The required result is an exact copy of every line from the one with "Made Goods Noor" through the last line below, with the pictures left out.

Data provided:
***

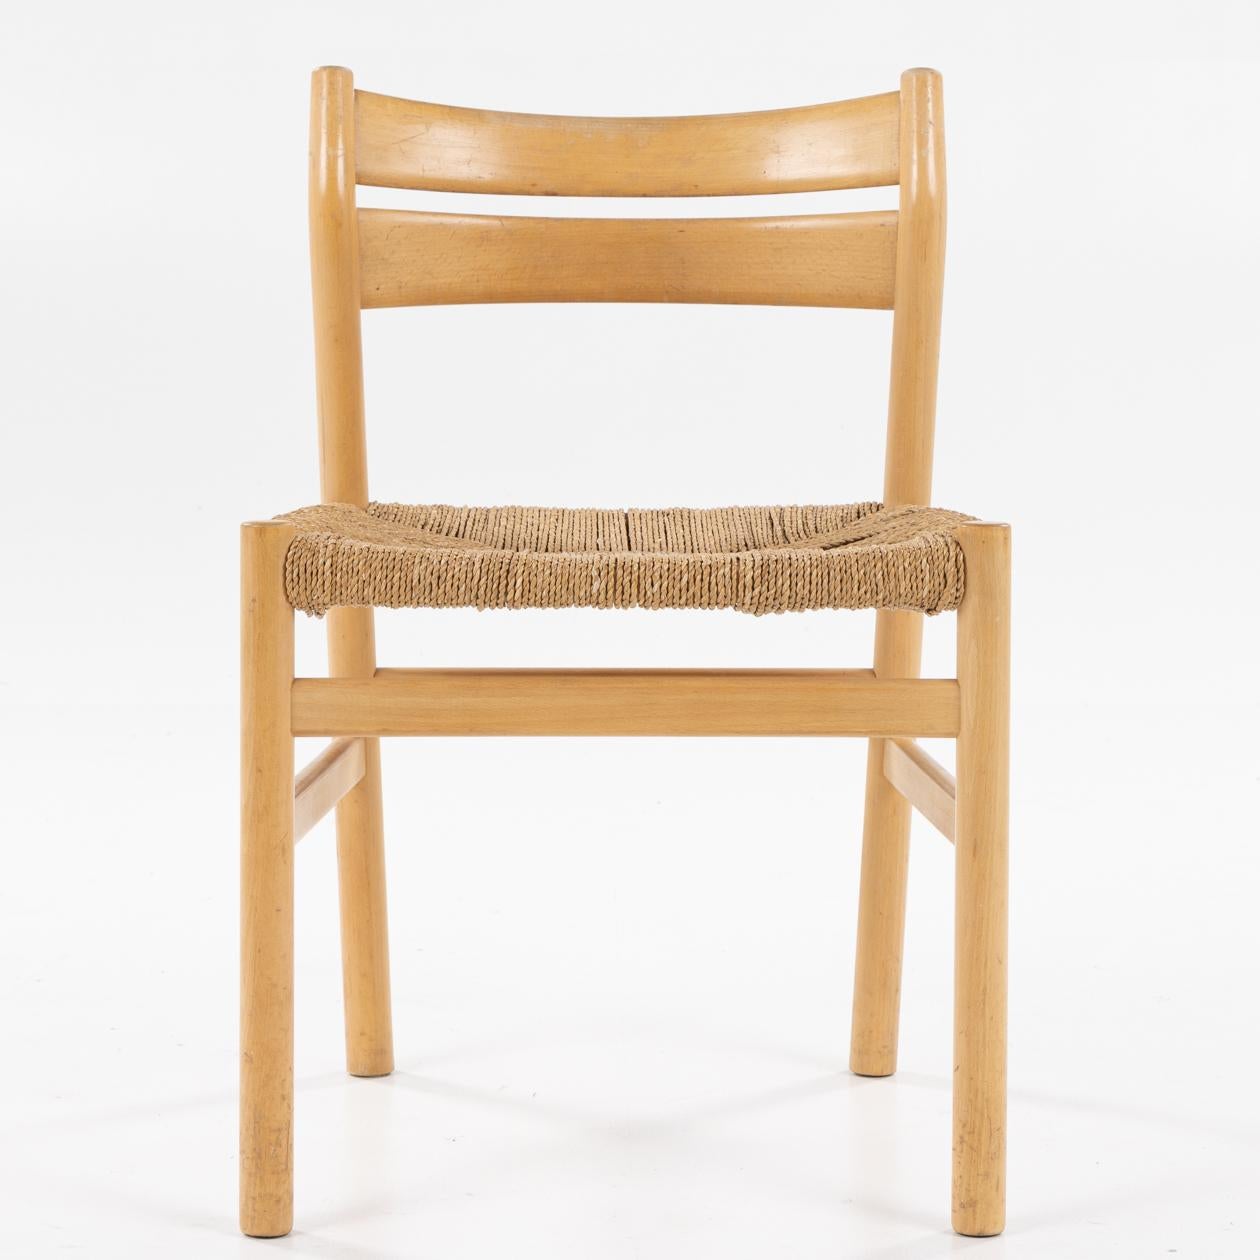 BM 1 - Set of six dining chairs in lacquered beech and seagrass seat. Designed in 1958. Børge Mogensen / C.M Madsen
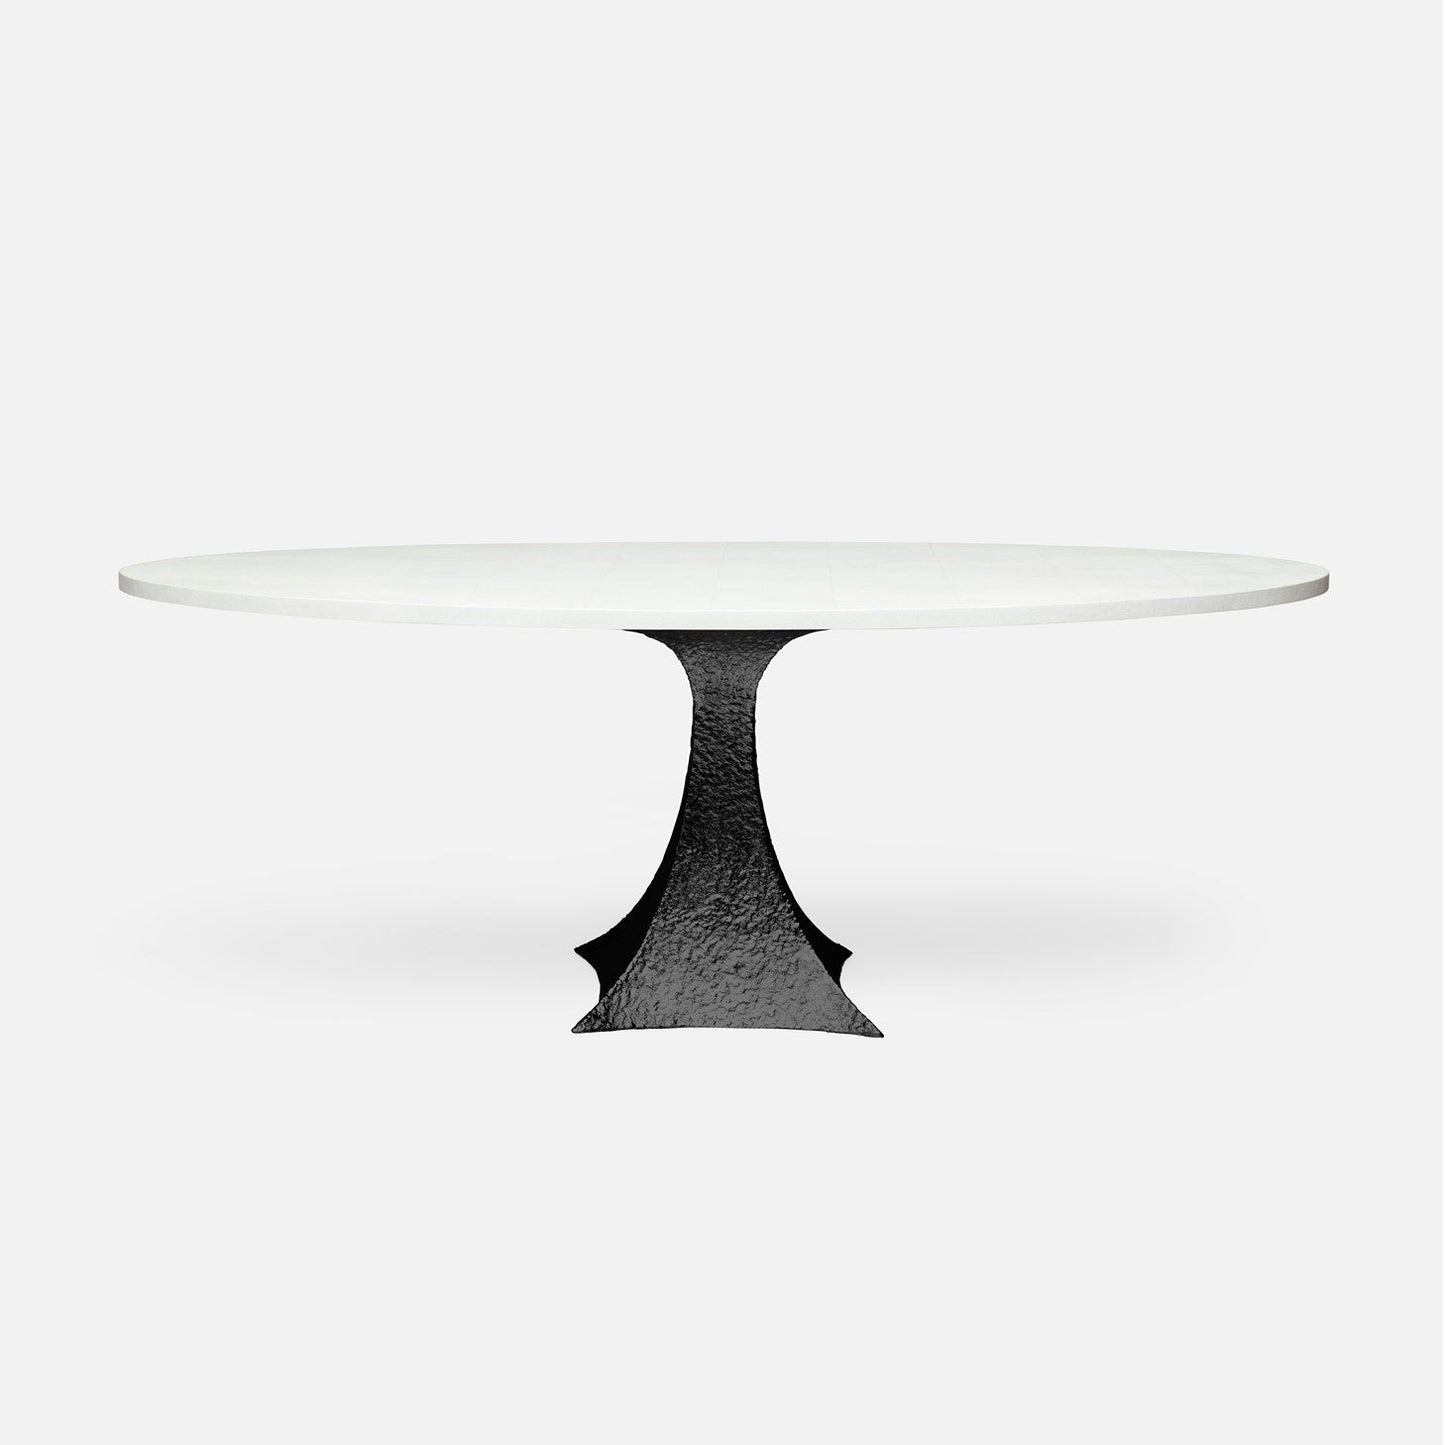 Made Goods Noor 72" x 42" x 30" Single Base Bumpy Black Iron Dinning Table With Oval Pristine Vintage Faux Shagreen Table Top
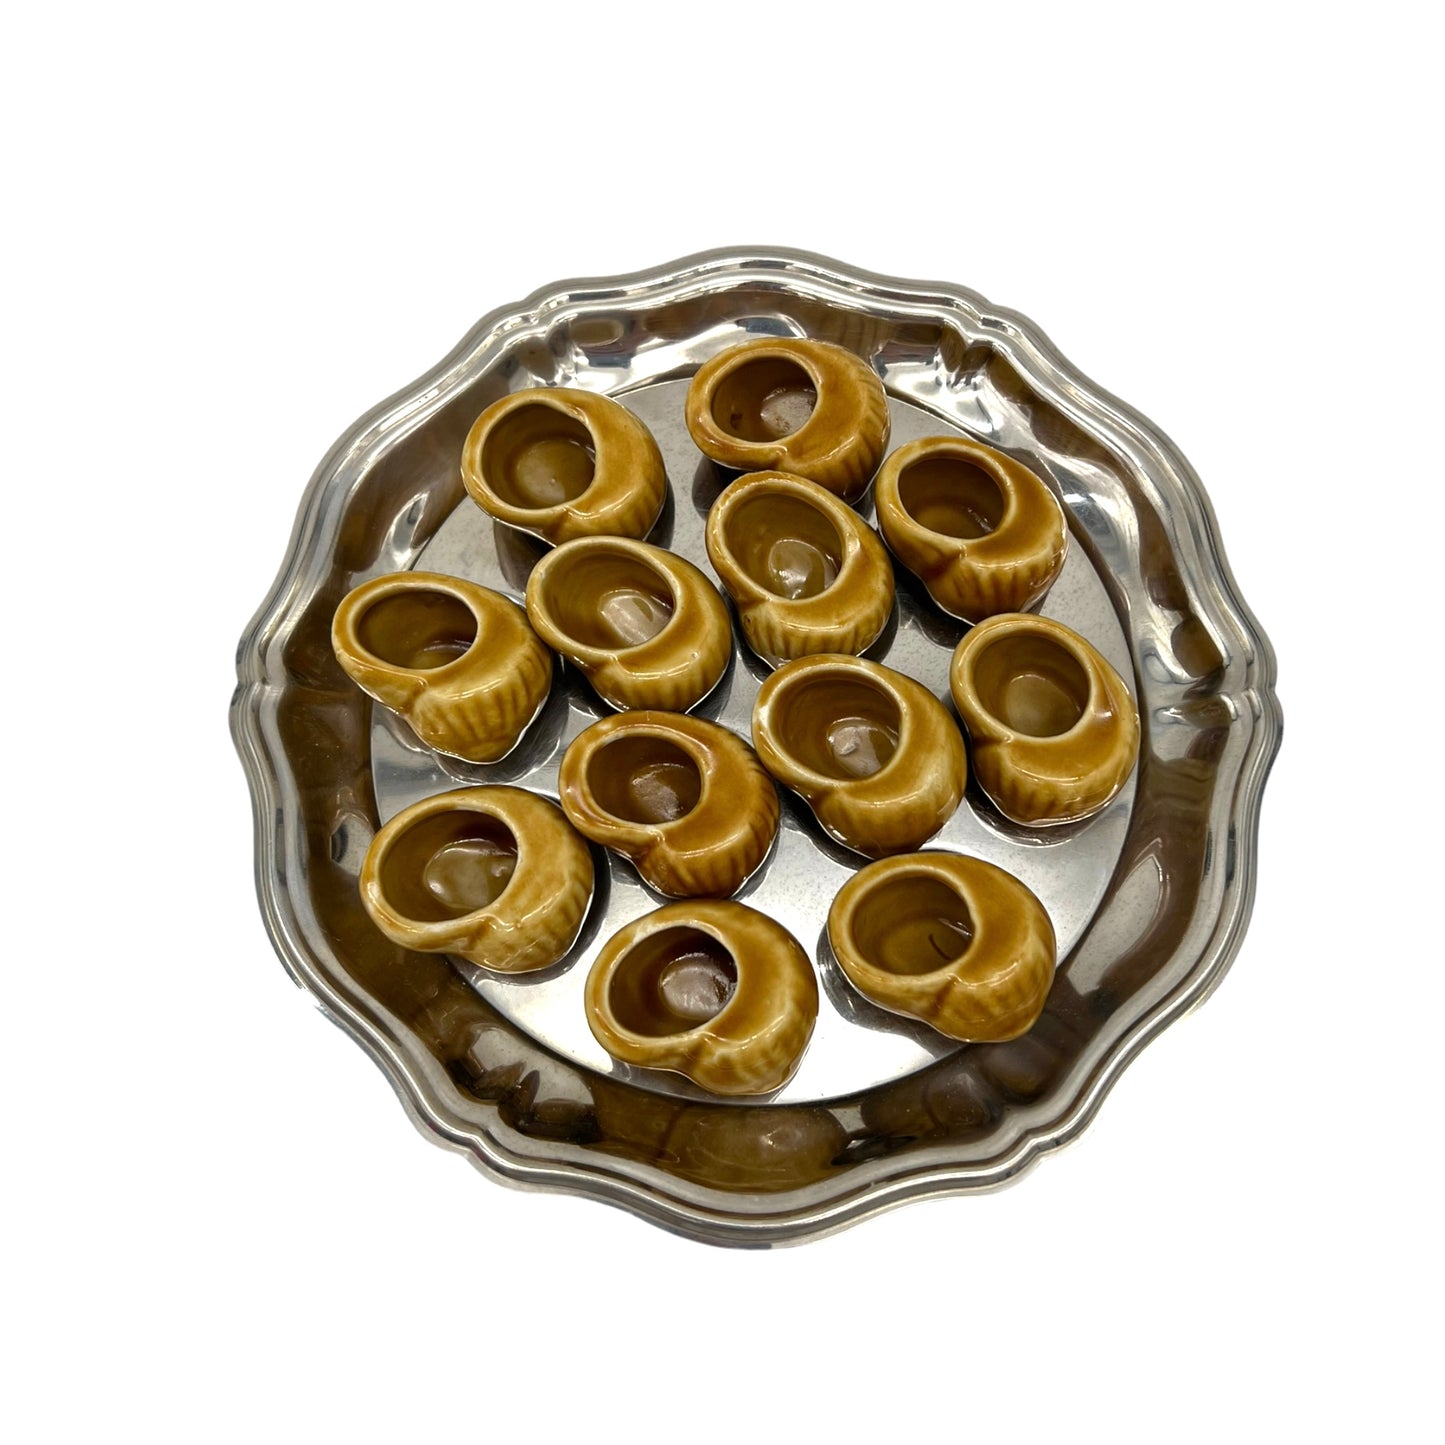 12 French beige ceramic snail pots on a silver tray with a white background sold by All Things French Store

***

Task response:
 Made Goods Noor 72" x 42" x 30" Single Base Bumpy Black Iron Dinning Table With Oval Pristine Vintage Faux Shagreen Table Top
 12 French beige ceramic snail pots on a silver tray with a white background sold by All Things French Store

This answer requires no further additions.